Firstly, while you say that Contractor has employed the Statistics Agency, that Agency writes to the Employer.
Contractor should definitely consult a lawyer and seriously consider taking to court that Agency for both lack of confidentiality, which I assume their contract includes and for eventual losses the Contractor will suffer due to lack of reliability of information provided by that Agency - all depending on the contract between them, which is not part of what we are discussing.
Then, if Employer would have had a case against the Contractor, the Employer must have issued a Notice of Claim against the Contractor, under Sub-Clause 2.5 and substantiate it with details that would indeed demonstrate the flaw of original indices and amount that Employer wants to deduct, or new indices they want to use.
They should also check if under the Law of the Country, they can apply retroactively such revised indices.
But by having deducted already the money from the Contractor without observing the claims procedure, it is highly likely they have lost their entitlement.

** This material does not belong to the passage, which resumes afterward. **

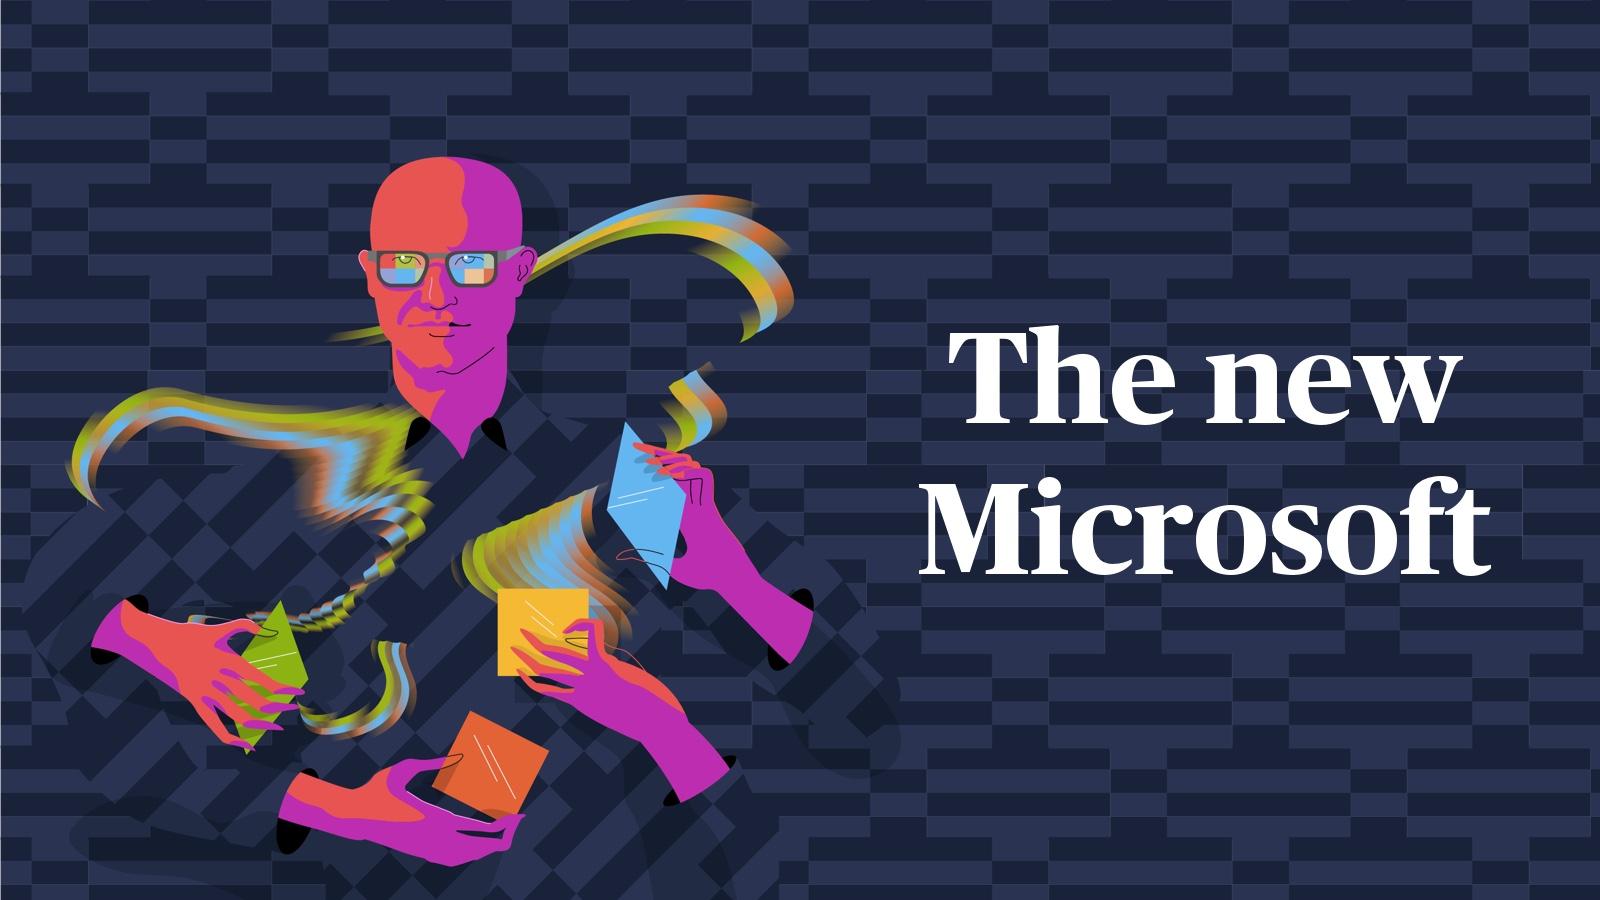 The new Microsoft

And as for the Contractor, speaking absolutely from a contractual point of view, they are in the following situation:
- they have done some works and were paid as per the Contract;
- there is no claim in place and hence no Engineer's Determination, nor a DAB Decision entitling the Employer to withdraw money from them - the contractual instrument is missing, but employer did it;
- they are fully entitled to claim for recovering the money taken from them, as again, there is no contractual base for the Employer to do so.
So far, I believe that is all I can answer, as indeed, situation seems to be quite odd and one would need to look in detail at the various contractual relationships and responsibilities, between those involved.

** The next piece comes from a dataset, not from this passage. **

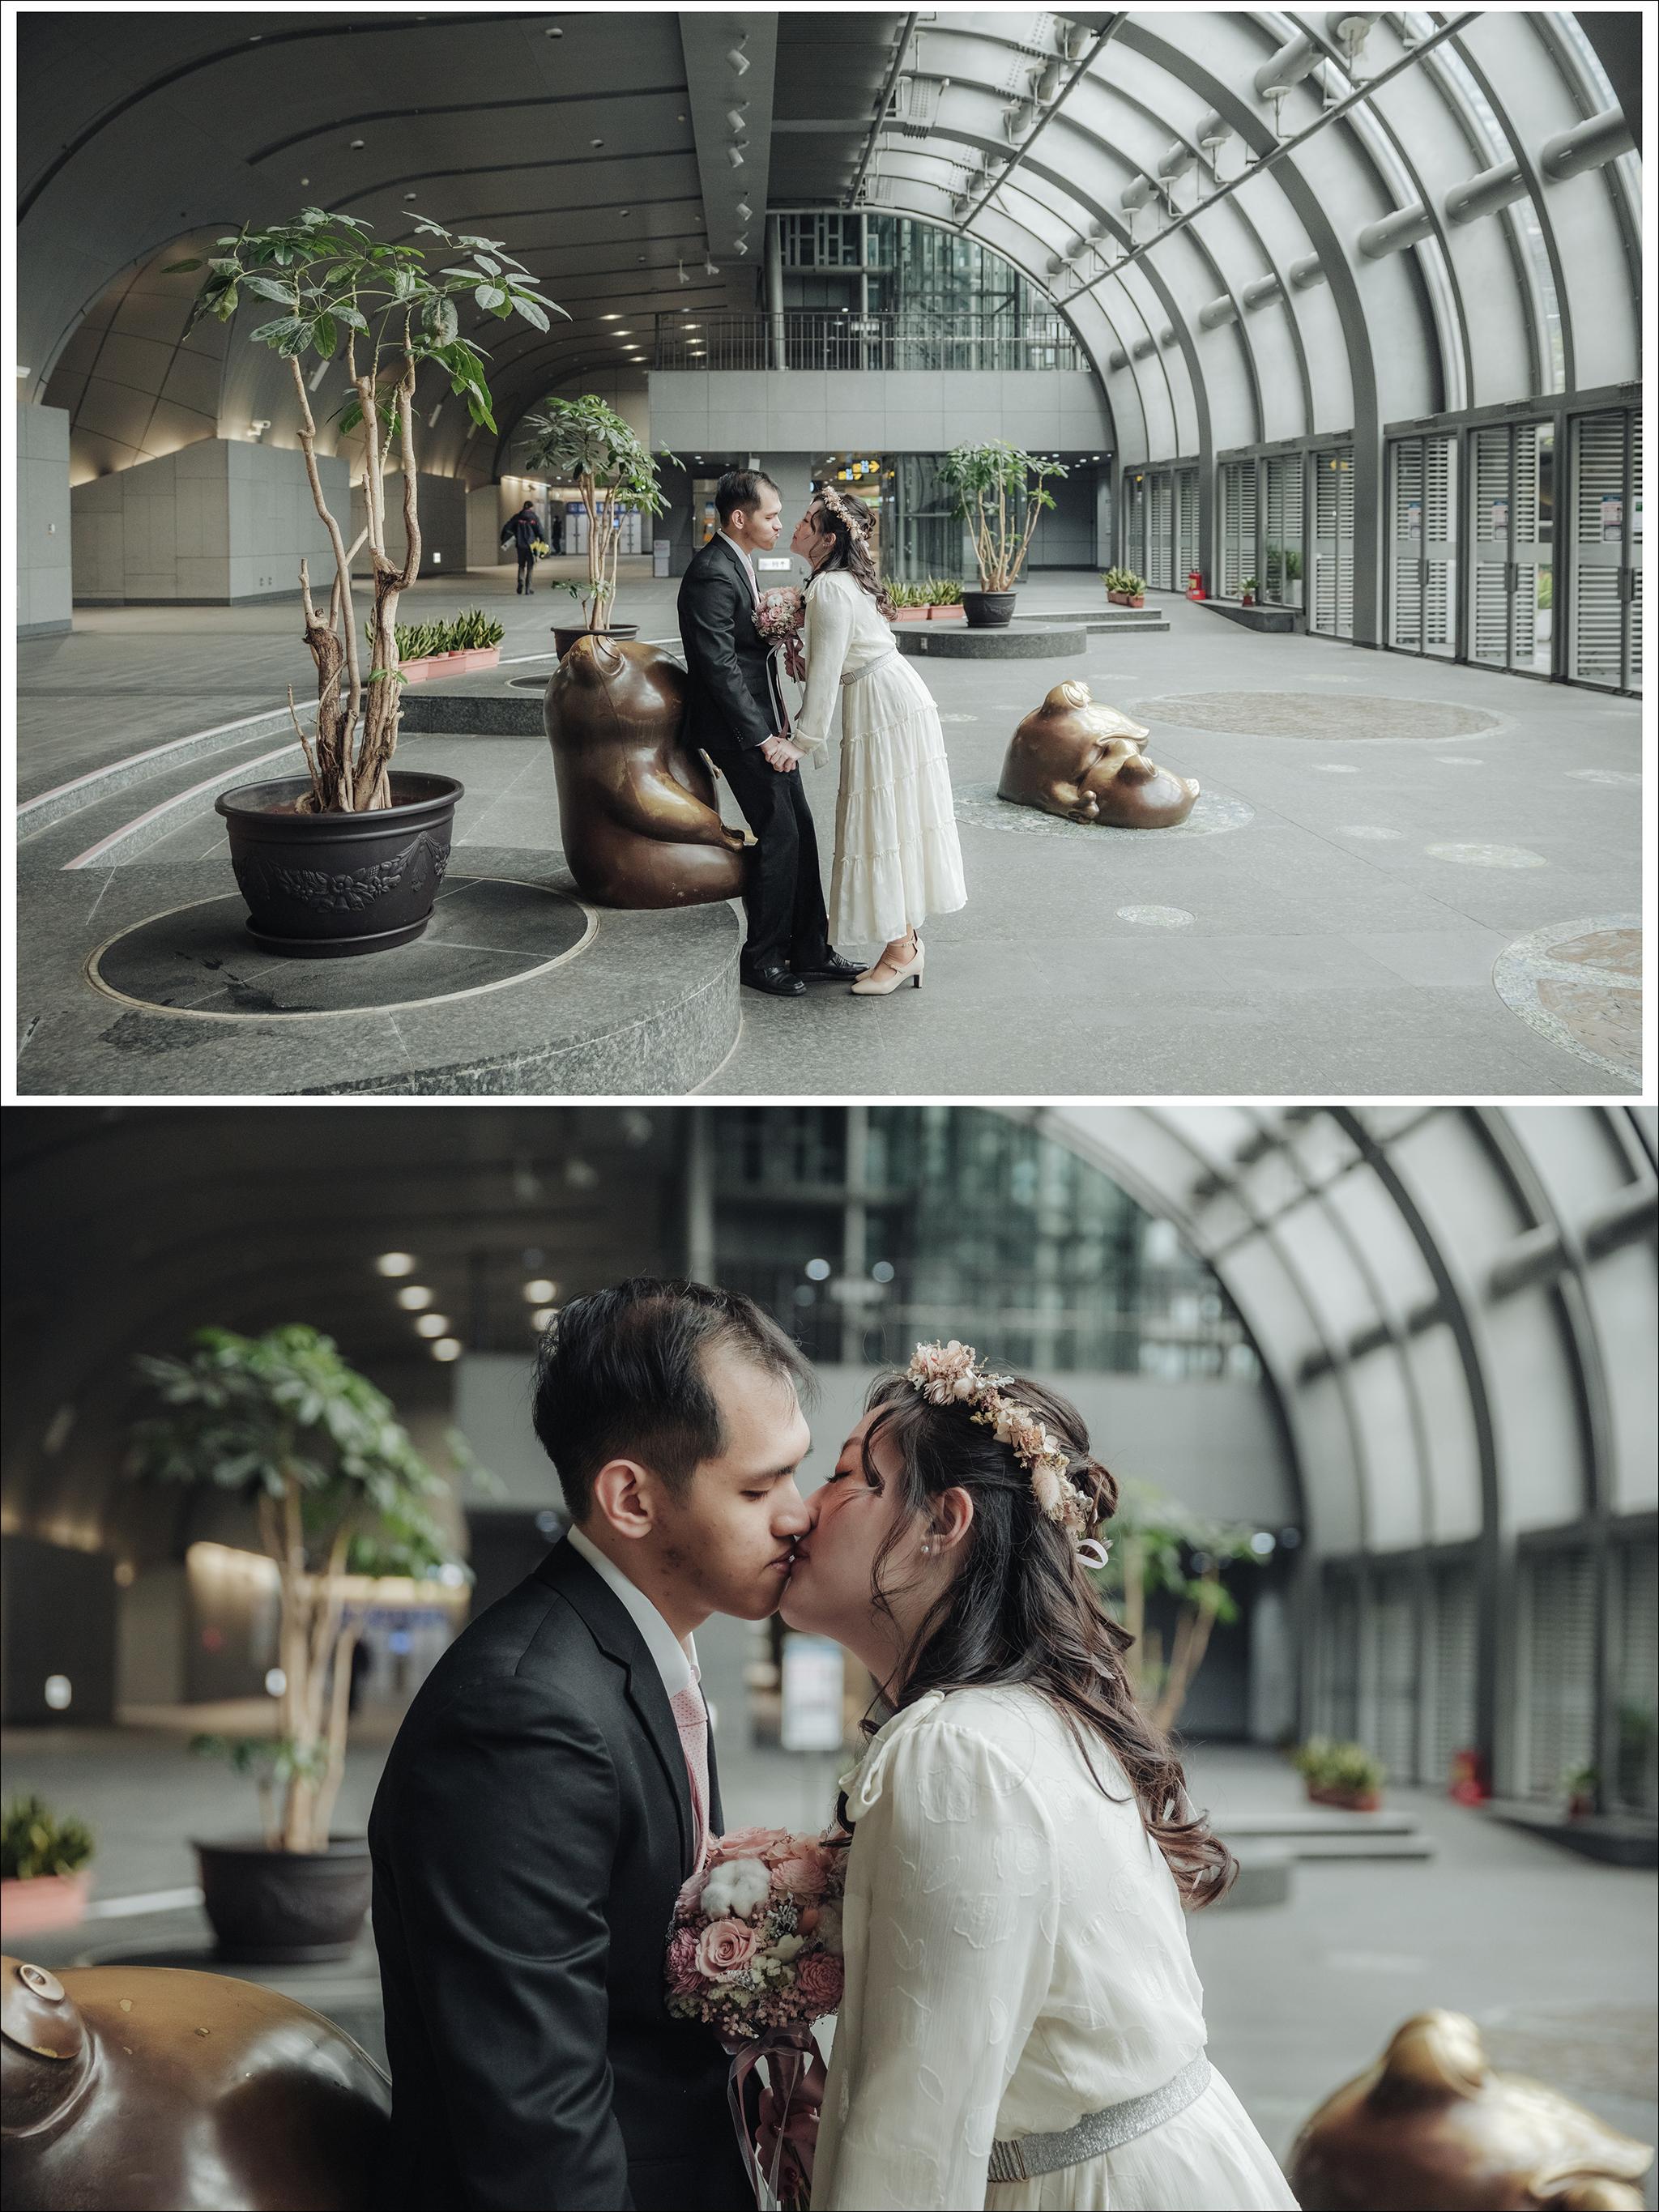 51498200307 c3b39cfccc o - 【證婚寫真】+馥瑤&威宇+

Hope that somehow clarifies the matter.
By the way: are you working with the Employer?
---------- FOLLOW-UP ----------
QUESTION: Dear Florin Niculescu,
I'm working for supervising and consultiing company hired by Client.
I just cannot understand why Client is responsible for data provided by State Agency for Statistics. I'm sure that there is someone who is responsible and on my opinion State Agency is responsible.
The whole difference is under what Law desicion will be made.Because according to contract between Contractor and State Agency, applicable Law is Law of Land.
Thank you for coming back.
Please read again, carefully, my previous answer, I did not say the Employer is responsible for data provided by the Statistics Agency, I did not say the Statistics Agency is exonerated of any responsibility.
To properly understand the situation, you must first of all, separate the different contractual relationships and tackle each matter within the right contract:
1. Employer - Contractor: within this contract, the Contractor has done some works and has been paid.
If Employer have considered themselves entitled to withdraw money from the Contractor, they should have issue a Notice of Claims as per Sub-Clause 2.5, indicate on what contractual basis they want to do that and provide a full substantiation of their case.
Then Determination and whole process would have followed.
By having not done so, they may have lost their entitlement, respectively they deprived themselves from the contractual tool that would have allowed them to take that money away from the Contractor.
As Engineer, you should have advised them in that respect.
Mind you, as I have no other information, I do not say the Employer had or not an entitlement, that could have been established only based on above mentioned substantiation by the Employer.
In absence of that claim/ Determination process, the Contractor is indeed entitled to recover any money taken from them and based on provided information so far, I can only see their claim as righteous.
2. Contractor - Statistics Agency: depending on actual terms of contract between them and on the provisions of the Law of the Country, and in case indeed, the Contractor suffers some losses, Contractor may sue the Statistics Agency for negligence, or something like that.
That would be a completely separate case, entirely outside the Works Contract with the Employer and Employer and Engineer would have no involvement whatsoever.
Hope now is clear, but let me know if any further explanation needed.